Shares in Chinese electric car maker Nio (NYSE:NIO) showed some signs of life in January, but that didn’t last. Following a pattern investors have become very familiar with, NIO stock has dropped 33% since January 21.
It’s down 65% in a little over a year, after hitting $10.06 on March 1, 2019. Is Nio due for a recovery, with the potential to ride the electric car wave to glory?
Maybe, in the long term. But there are a lot of things that would have to go right for Nio.
Bad News Keeps Piling on Nio
Nio was no stranger to bad news in 2019. You can check out this post for the litany of crises the company faced up until September. From there, the situation continued to deteriorate. Nio stock hasn’t taken such a beat-down without reason.
Among the more recent examples of bad news for Nio, Tesla (NASDAQ:TSLA) opened its first Gigafactory in China last fall. On December 30, the first Model 3 cars rolled off the line for delivery. Tesla now becomes a much more formidable competitor for Nio in the luxury Chinese EV market.
The coronavirus from China has had a measurable impact on Nio’s sales. The company says it delivered just 1,598 vehicles in January. That’s down 11.5% year-over-year, and a dramatic drop from the 3,170 it delivered in December.
In the latest news to rock the EV market, on Wednesday General Motors (NYSE:GM) unveiled Ultium, the company’s new modular electric platform. With a $20 billion investment, Ultium is expected to be the foundation for a new generation of GM electric vehicles.
In 2019, GM experienced its second straight year of declining car sales in China. Ultium could see the company look to reverse that trend by appealing to electric car buyers in the Chinese market.
There was a bit of recent good news for NIO — even if it was tied to the coronavirus. At the end of February, the company announced a cash injection from the city of Hefei (capital of China’s Anhui province). In return for establishing a new HQ in the city and expanding its partnership with local suppliers, Nio will be getting $1.4 billion.
Bottom Line on Nio Stock
So, what are the prospects that we’ll see Nio recover and NIO stock once again approaching the heady levels of 12-months ago?
That’s a tough call, with some pretty significant variables.
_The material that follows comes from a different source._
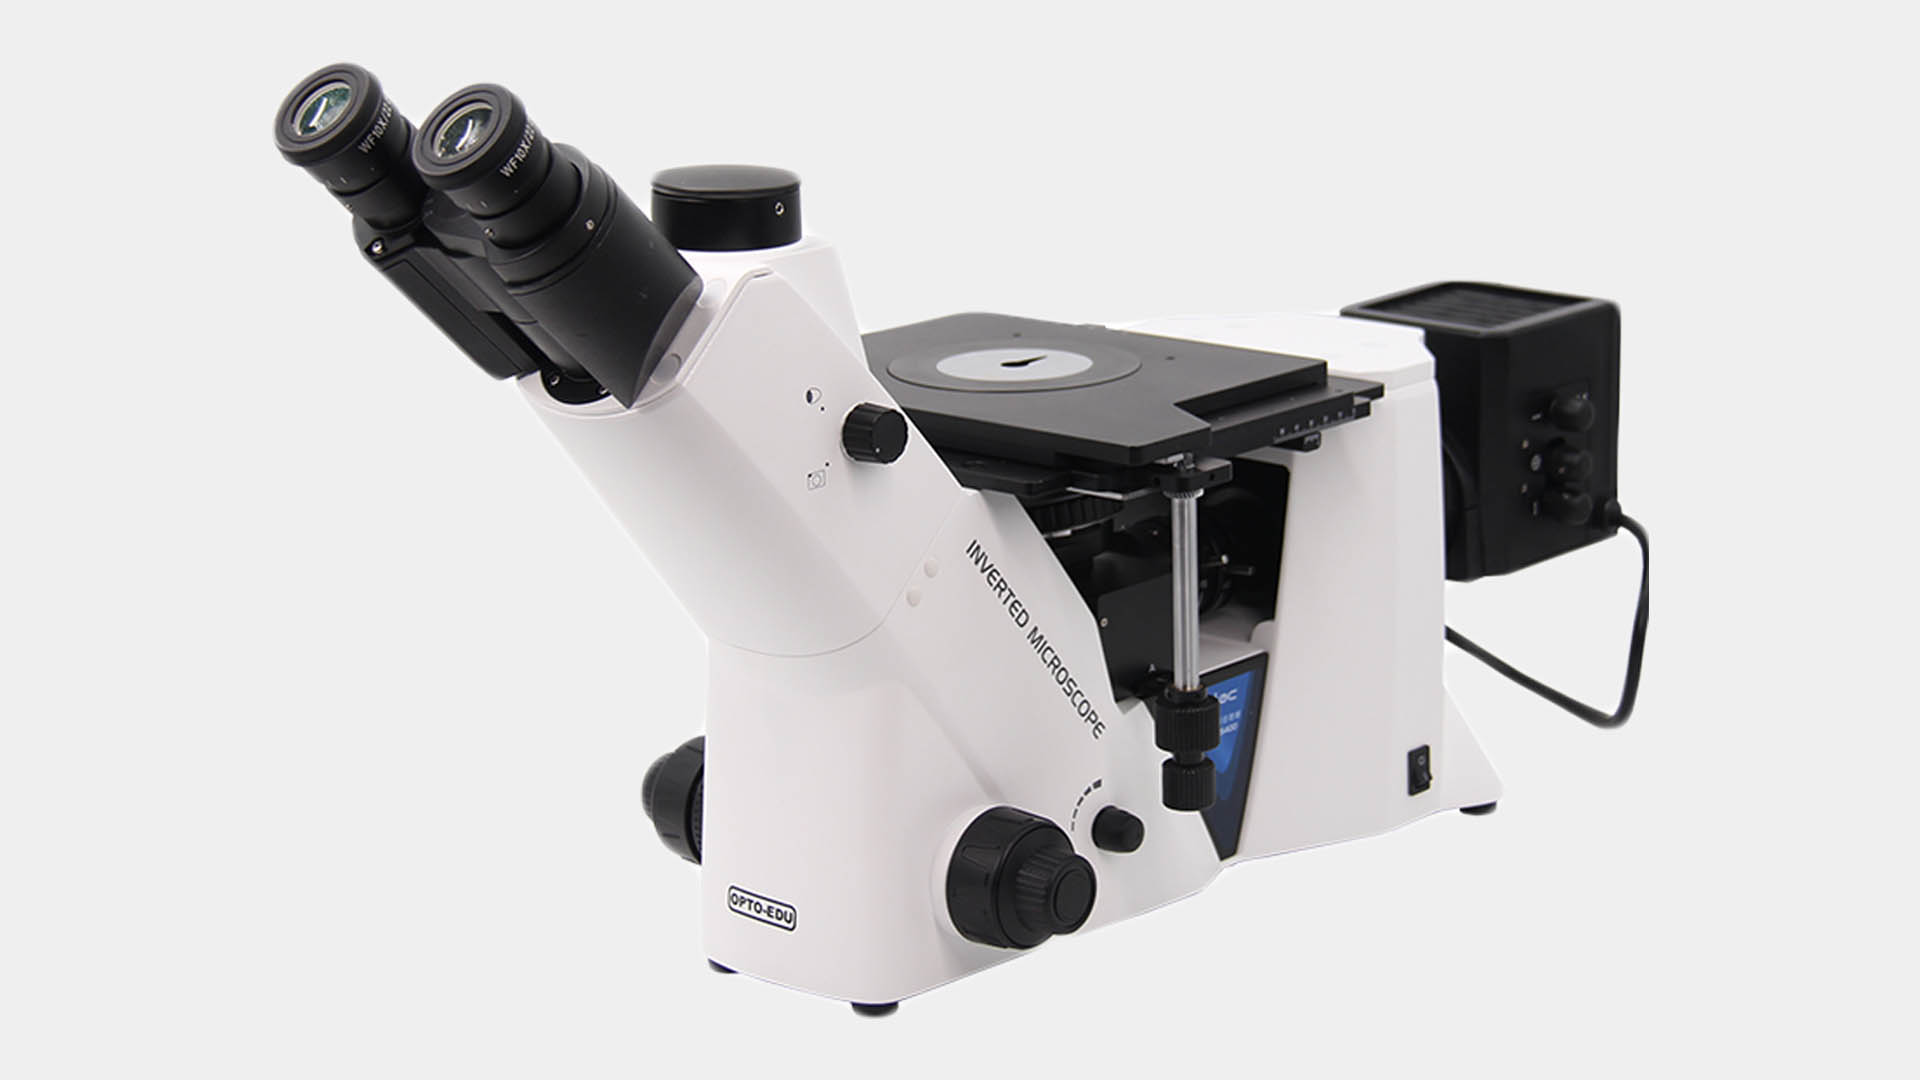 Microscopio de estudiante mono de lente única A11.1524
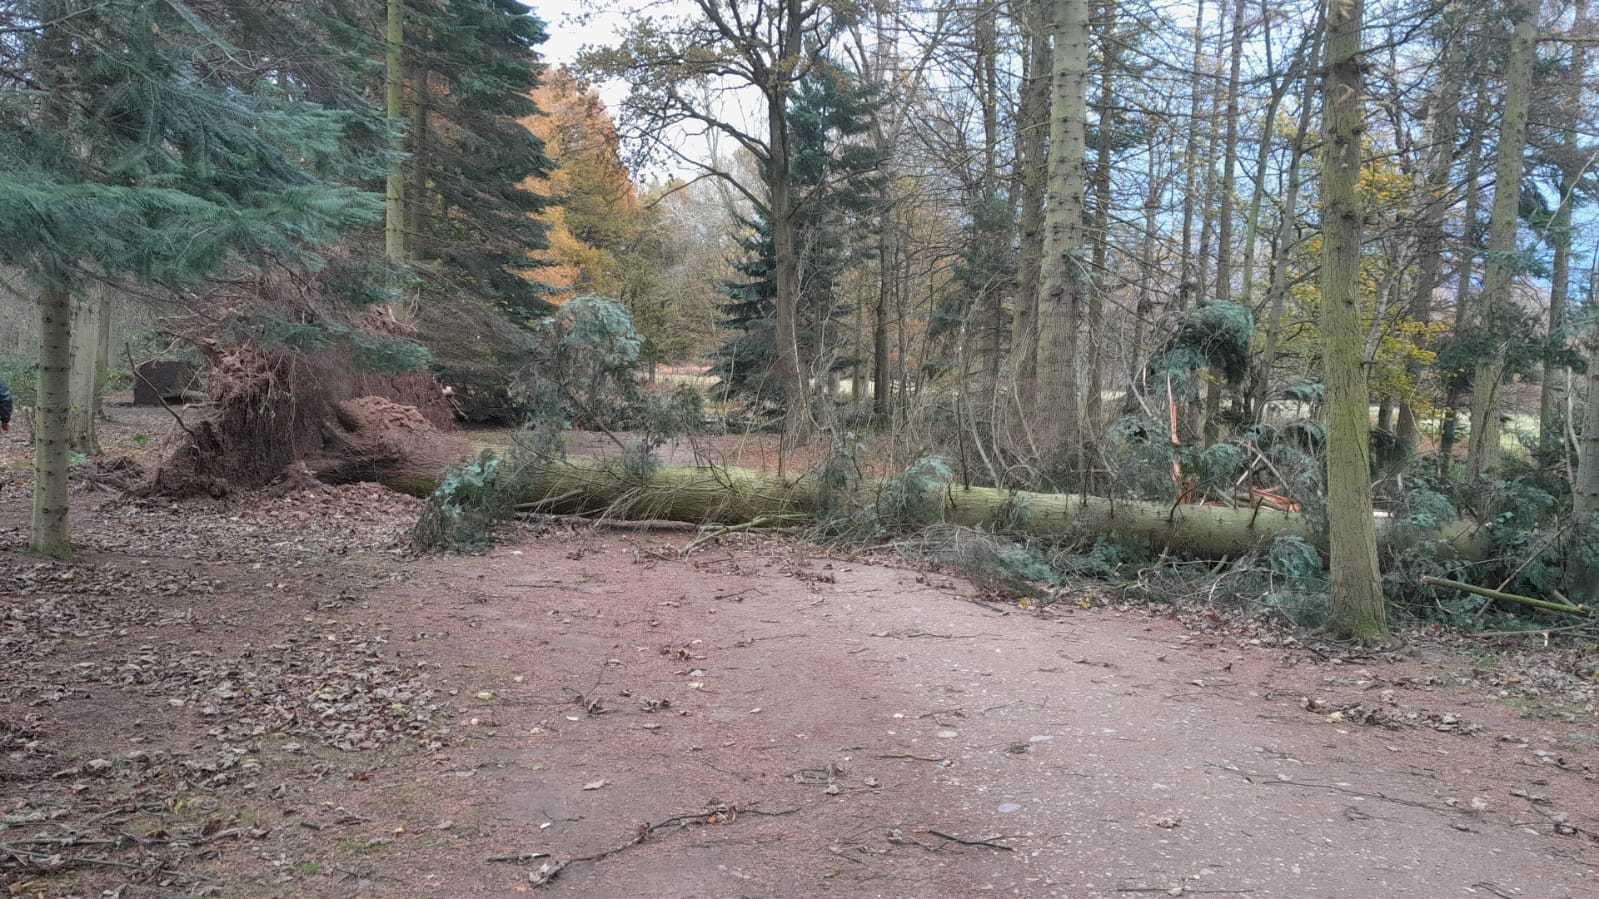 Storm damage at Bodnant Gardens. Image: National Trust/Facebook

Will the coronavirus peter out or develop into a full-blown pandemic that hammers the global economy? Will the trade war between the U.S. and China continue to cool? Will China’s economy (and new car sales) pick up after last year’s record slowdowns? Will Tesla start to eat into Nio’s market in a big way? Will GM’s new Ultium electric vehicles lead to a comeback in the American auto maker’s faltering China sales?
Those are a lot of balls to juggle. The investment analysts surveyed by The Wall Street Journal are taking a wait-and-see approach. They have Nio as a consensus “hold.” Their 12-month price target of $4.06 doesn’t reflect much confidence in growth for NIO stock (that’s about 9%).
InvestorPlace’s Matt McCall has a much more optimistic take on Nio’s prospects, especially in the longer term.
“It has almost ridiculous upside potential. Further, NIO is plying its trade in the world’s largest automotive market. With a rising Chinese middle class meeting homegrown, beautiful cars, the narrative is exceedingly positive,” he wrote.
If your approach to Nio falls in line with the current, cautious, wait-and-see approach, then the fact that NIO has dropped 65% in just 12 months (after topping the $10 level last March) is more ammunition. As is the fact that shares in the company have slid 33% from their 2020 high of $5.17, set on January 20.
If you agree with Matt’s assessment — and there are analysts who have NIO rated as a “buy” and a 12-month price target nearing $13 — then at its current price, NIO stock is a bargain. Either way, keep an eye on those variables because any one of them has the potential to have a meaningful impact on where NIO goes from here.
As of this writing, Brad Moon did not hold a position in any of the aforementioned securities.